Pyke took the piece of paper and inspected it. So that was it. He was a ghost, a non-person, which was exactly how he felt.

‘Any difficulties?’

‘The constable who investigated the murder looked like he might be getting close to the truth. He knew about Johns and talked about confronting the lord of the manor — Johns’ father, I discovered. I paid this man a visit — Lord Cornwallis. He was only too keen not to rock the boat. He promised to stop the constable from asking any more questions. The official story is that Johns killed you and then fled.’

So it was done. Arthur John Pyke, rest in peace. Pyke tried to summon up something approaching sadness.

‘Once my house is sold, you can keep half of the proceeds, and put my half into a bank. I’ll write to you once I know where I’ll be.’
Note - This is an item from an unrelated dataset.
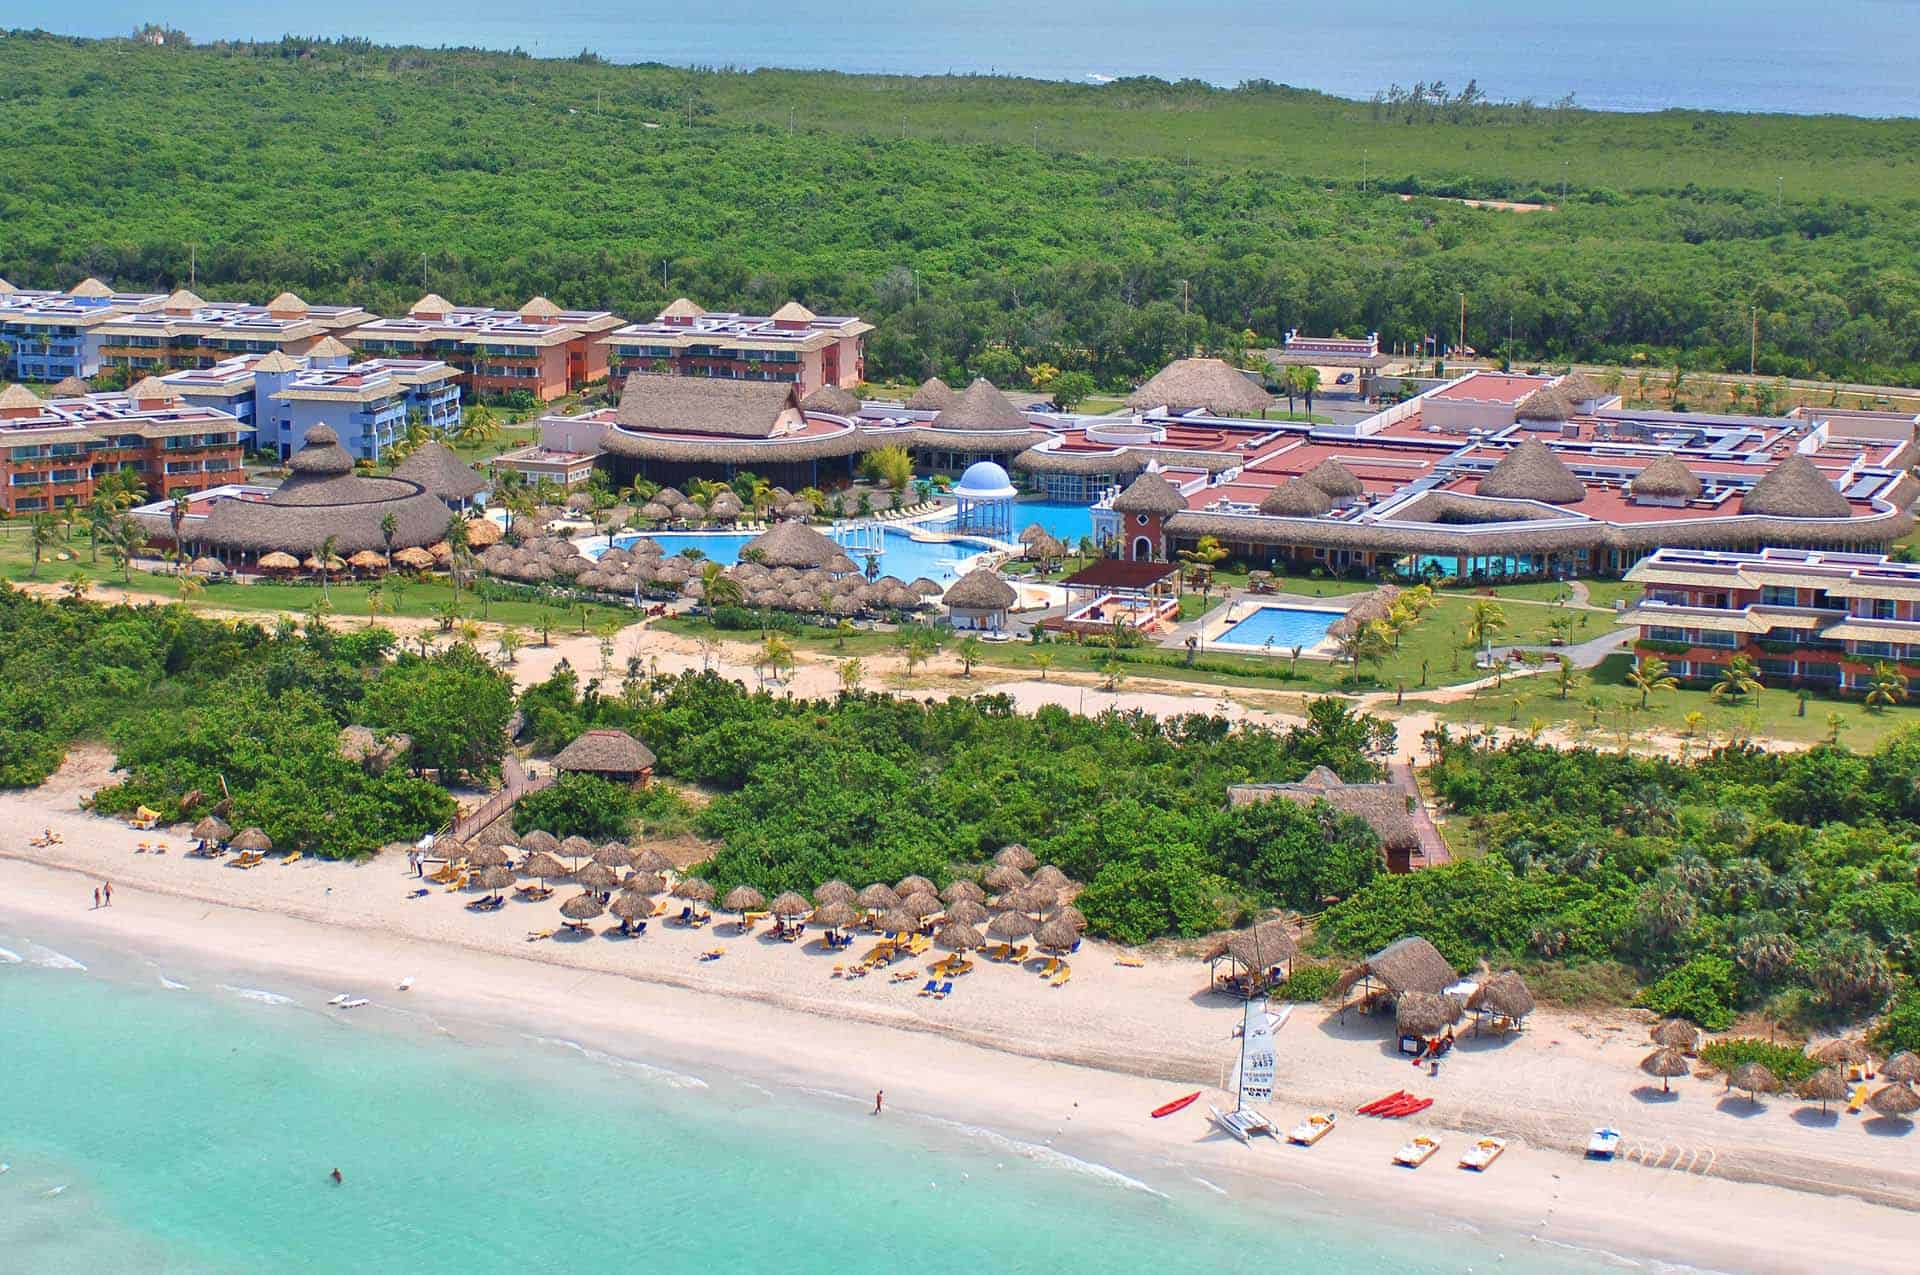 varadero hotel piscine plage mer cuba autrement 1

That had been another part of their agreement. Pierce would never have turned down the chance to feather his nest. Their lives had paralleled each other for many years, Pyke thought, first as Bow Street Runners and latterly as policemen for the Metropolitan Police. Pierce had once been head of the Detective Branch, too. Perhaps, Pyke decided, they were more alike than he had ever cared to admit.

‘And where will you go?’

‘It’s probably too late for me to start over.’ Pyke shrugged. ‘But I can’t stay here and I can’t go back to England. Too many memories.’

Pierce nodded.

‘There are ships leaving every day for Canada and the United States. I fancy New York City.’

‘Where they used to transport convicts.’ Pierce managed a smile.

‘Appropriate, then.’

Pierce passed his hat from hand to hand. Pyke could see he didn’t want to be there. ‘I suppose I should go. My cab is waiting.’

Pyke opened the door and waited for Pierce to pass through. At the last moment, Pierce turned around. ‘I’m sorry about what happened, your son…’

Pyke nodded: there were no words. Instead he shook Pierce’s hand and then watched him disappear down the stairs.

Much later, Pyke lay on his bed and listened to the sounds from the street. It was an end, he thought, this place, this time. But perhaps in another country he would learn to live again.